Researchers are comparing the effectiveness of two treatments for participants with stage IV or recurrent non-squamous non-small cell lung cancer (NSCLC) who have PD-L1 expression of 1% or higher. This phase 3, randomized, open-label study focuses on first-line treatment options and aims to evaluate overall survival over up to five years for participants with PD-L1 levels between 1% and 49%. The trial involves participants with measurable disease and good performance status who have not received prior systemic therapy for advanced disease. The study compares a combination of Nivolumab and Relatlimab plus chemotherapy against Pembrolizumab plus chemotherapy. Chemotherapy drugs include Carboplatin, Pemetrexed, and Cisplatin, administered at specified doses on scheduled days. Participants are randomly assigned to receive either the Nivolumab and Relatlimab combination with chemotherapy or Pembrolizumab with chemotherapy as their initial treatment. Treatment schedules and doses are defined but not detailed here. Participants will be closely monitored throughout the study, which may last up to five years. Researchers will assess overall survival as the primary outcome, along with regular imaging tests like CT or MRI to measure disease status. Eligibility screening includes assessing PD-L1 levels, performance status, and other health factors. Safety monitoring and follow-up will continue to evaluate treatment effects and participant well-being during and after treatment.

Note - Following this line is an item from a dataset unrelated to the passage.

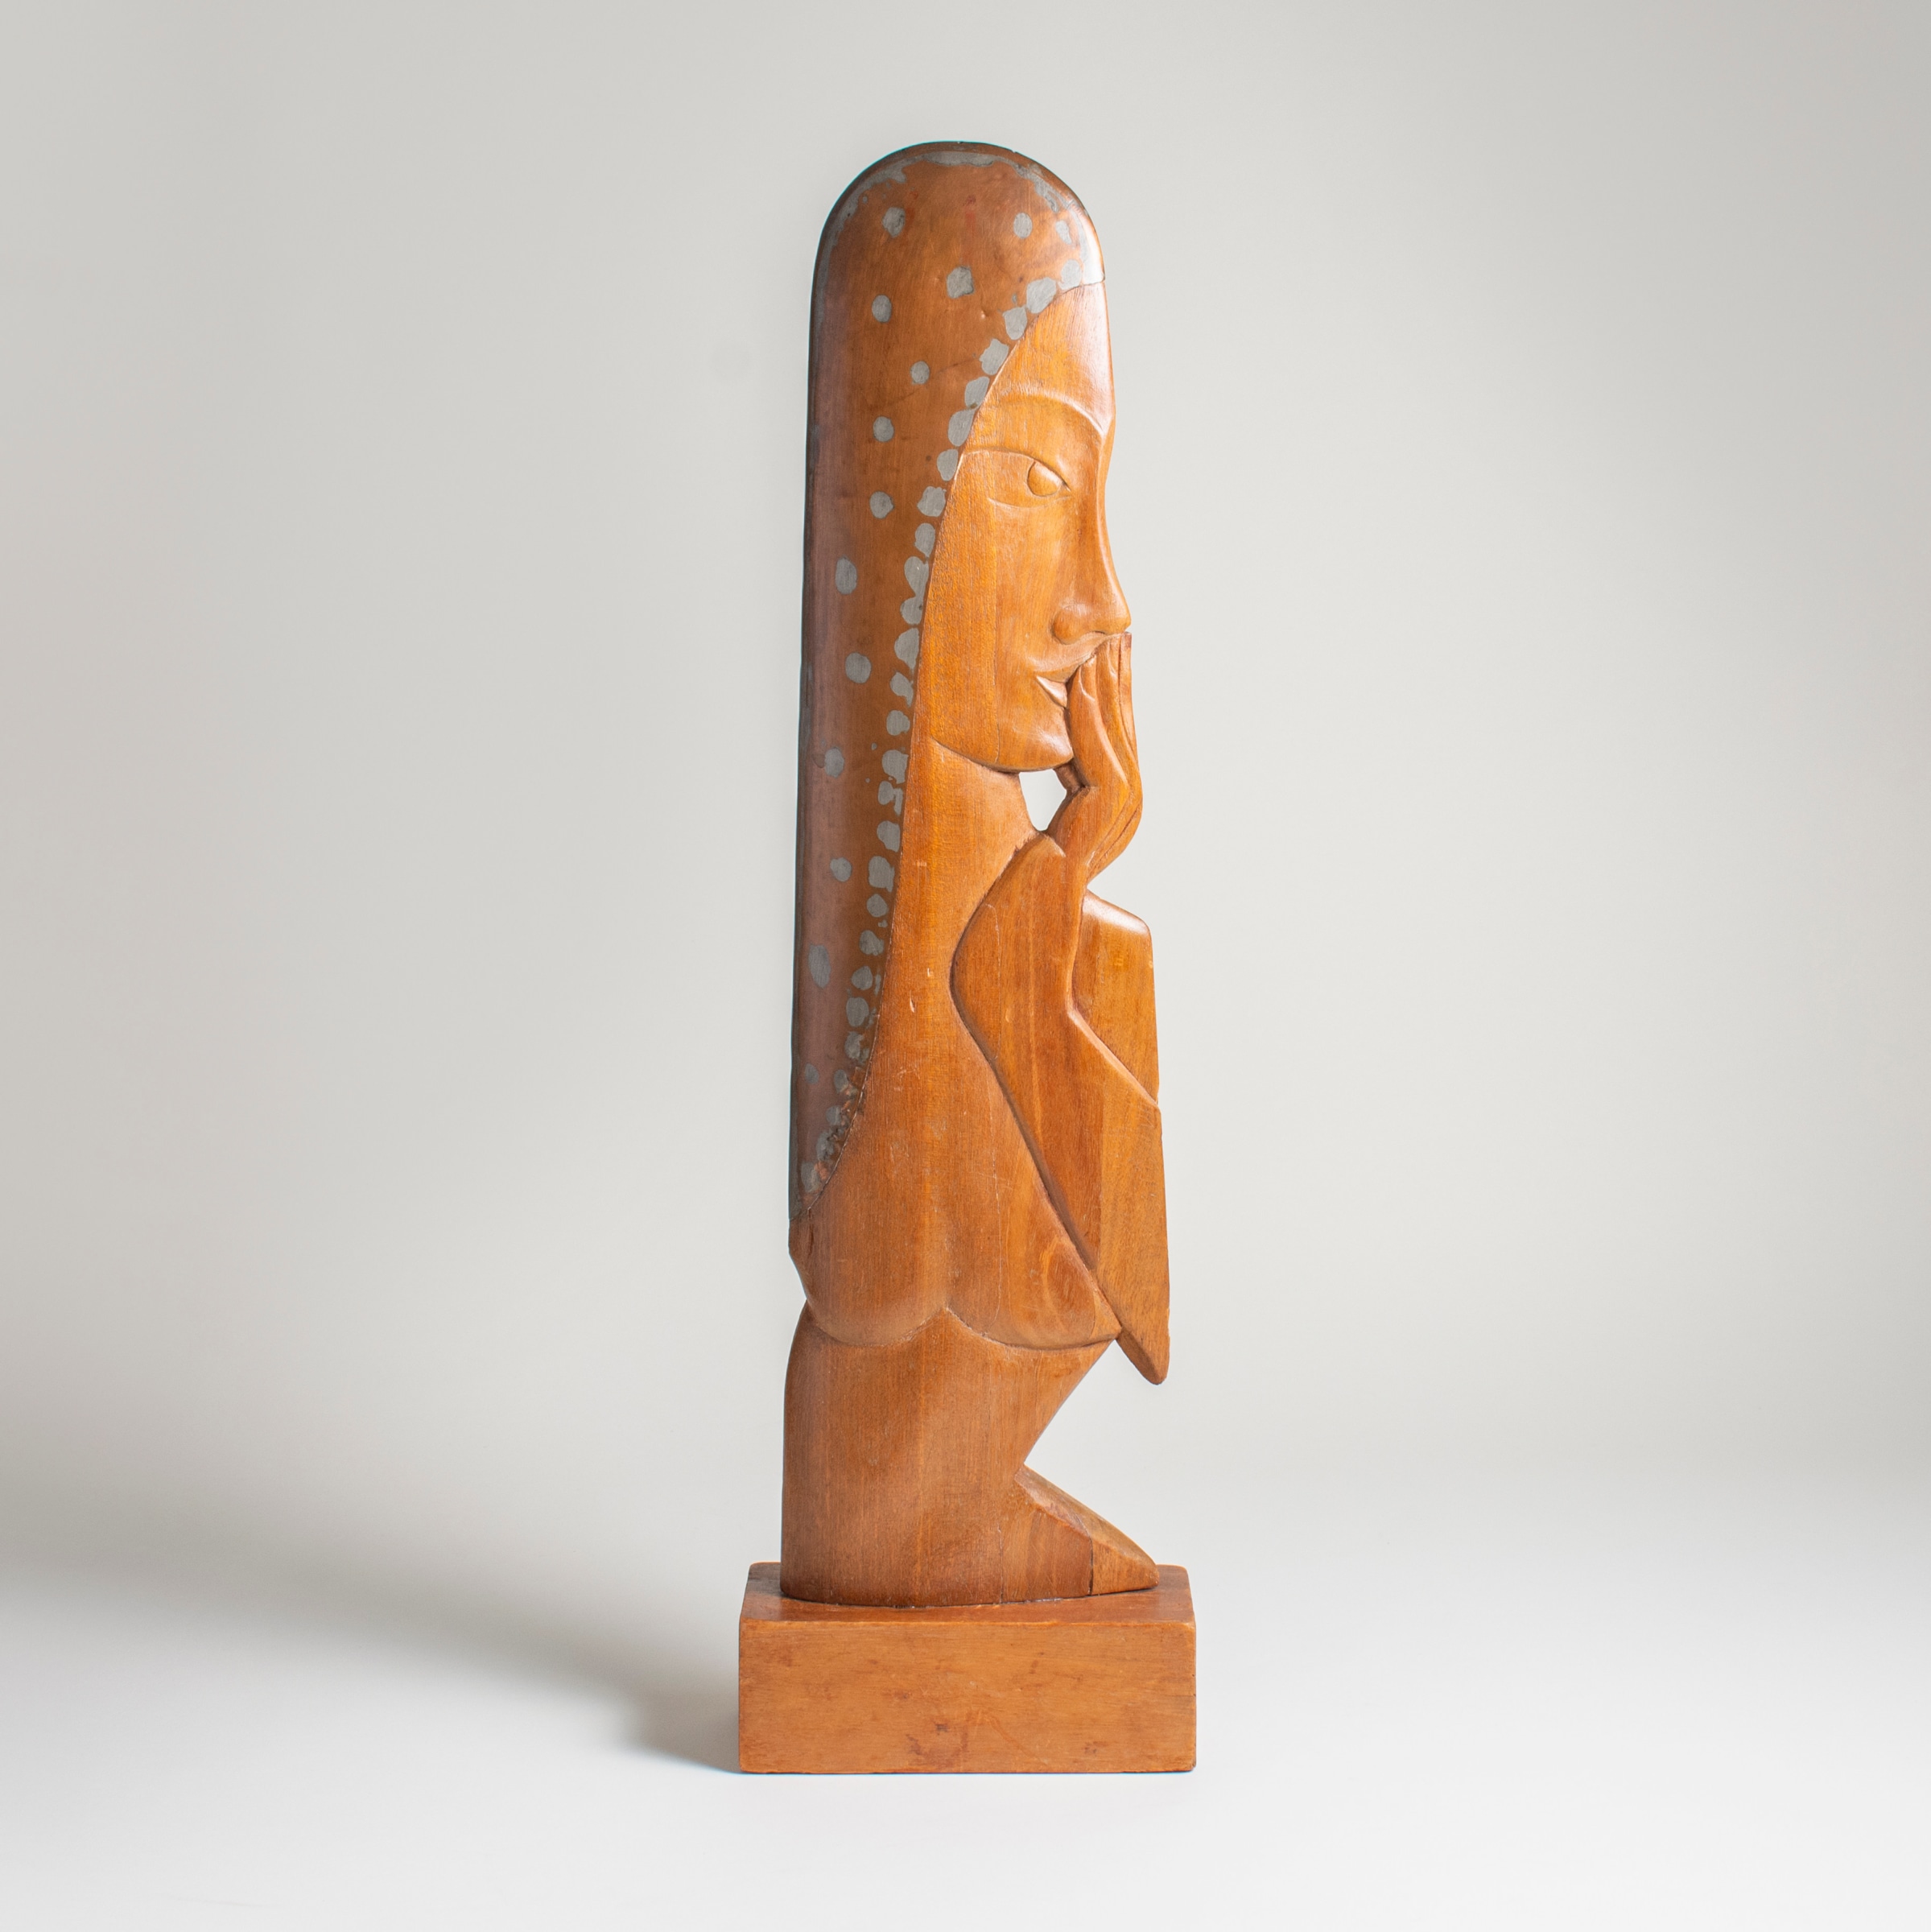 an unusual midcentury sculpture titled anxiety, of a woman with stylized features carved out of wood, holding her hand up to her mouth, her &quot;hair&quot; formed by a found plane propeller - the metal contrasting with the carved wood.

Researchers are evaluating a new medicine called Sofetabart Mipitecan (LY4170156) in adults with certain types of ovarian, peritoneal, and fallopian tube cancers. This phase 3 study has two parts: Part A focuses on participants whose cancer no longer responds to platinum-based chemotherapy, while Part B includes those whose cancer still responds to platinum-based treatments. The study aims to compare Sofetabart Mipitecan against current standard treatments and to better understand its safety. Participants receive treatments administered through intravenous (IV) infusions. In Part A, Sofetabart Mipitecan is compared with various chemotherapy drugs or mirvetuximab soravtansine. In Part B, Sofetabart Mipitecan combined with bevacizumab is compared with platinum-based chemotherapy plus bevacizumab. Each participant's time in the study depends on how they respond to the treatment. During the study, researchers monitor participants for progression-free survival, measuring the time from randomization until cancer progression or death, for up to 70 months. Participants undergo assessments including scans to track tumor changes and evaluations of safety and side effects. The study collects tumor tissue samples and monitors participants' health status regularly to understand treatment effects and safety over time.

Researchers are evaluating the effect of muvalaplin on reducing cardiovascular risk in adults with elevated lipoprotein(a) levels who either have atherosclerotic cardiovascular disease or are at risk for a heart attack or stroke. This Phase 3, randomized, double-blind, placebo-controlled study focuses on adults with high Lp(a) levels and prior or potential cardiovascular events. The study aims to assess the time to the first major adverse cardiovascular event over about 5.25 years. Participants will be randomly assigned to receive either muvalaplin or a placebo, both administered orally. The study includes individuals with Lp(a) levels of at least 175 nanomoles per liter who have had a prior cardiovascular event within 10 years or are at risk for a first event due to conditions such as coronary artery disease, carotid stenosis, peripheral artery disease, high coronary artery calcium score, reduced kidney function with diabetes, or other high-risk factors. The treatment period lasts through the study duration, with close monitoring. During the study, participants will be regularly evaluated to track the occurrence of major adverse cardiovascular events, including heart attacks and strokes. Safety assessments will monitor blood pressure, kidney function, and heart failure status among other health indicators. The primary outcome measures the time to the first major cardiovascular event from baseline up to the end of the study, which spans approximately 5.25 years.